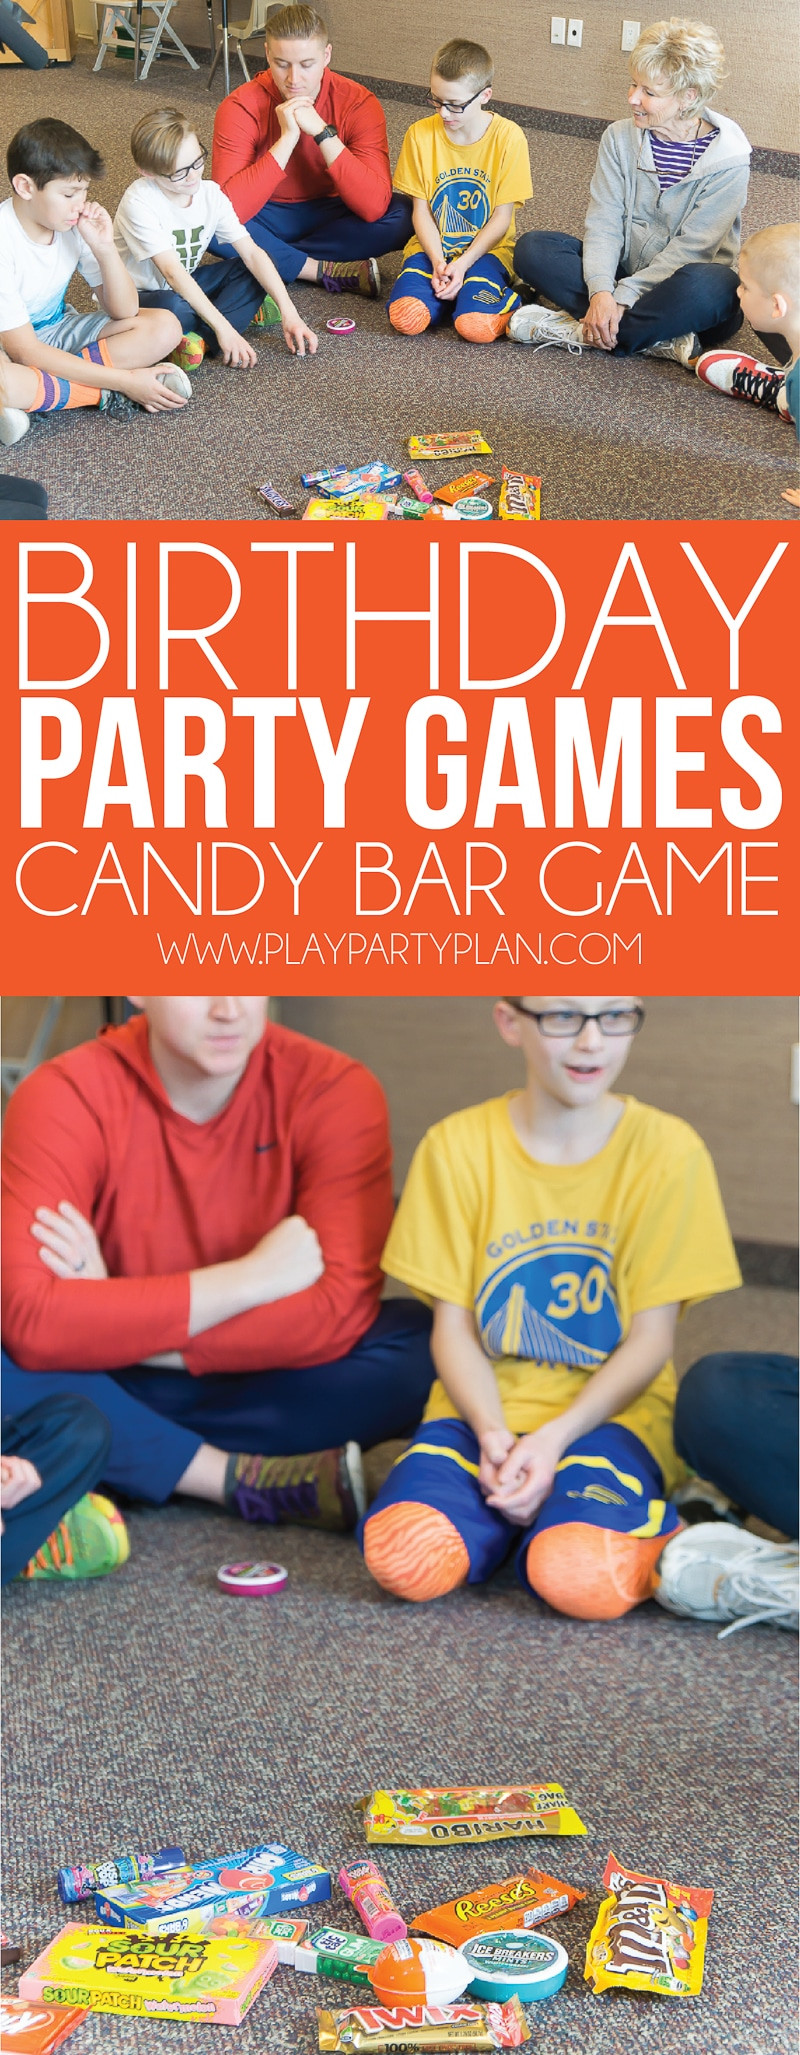 Child Games For Birthday Party
 Hilarious Birthday Party Games for Kids & Adults Play
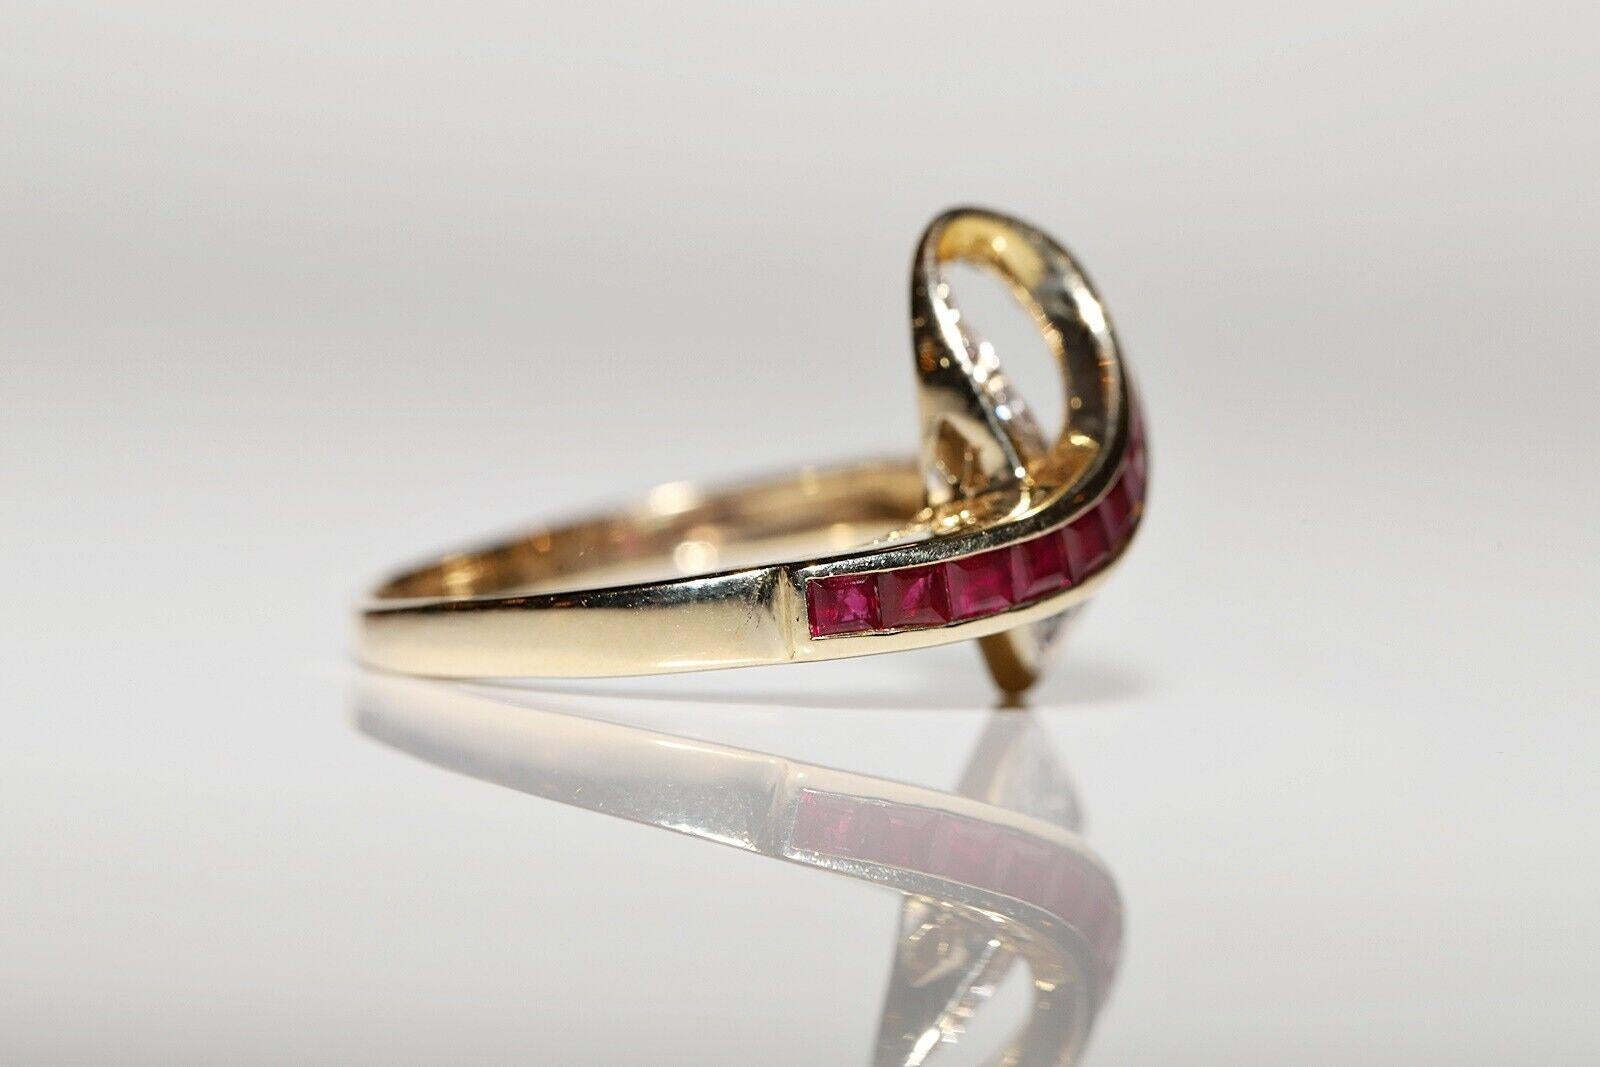 Vintage Circa 1970s 14k Gold Natural Diamond And Caliber Ruby Decorated Ring In Good Condition For Sale In Fatih/İstanbul, 34

### TASK GOAL
For this exercise, write out the listing verbatim and leave every image out.

### TASK RESPONSE
 Child Games For Birthday Party
 Hilarious Birthday Party Games for Kids & Adults Play
 Vintage Circa 1970s 14k Gold Natural Diamond And Caliber Ruby Decorated Ring In Good Condition For Sale In Fatih/İstanbul, 34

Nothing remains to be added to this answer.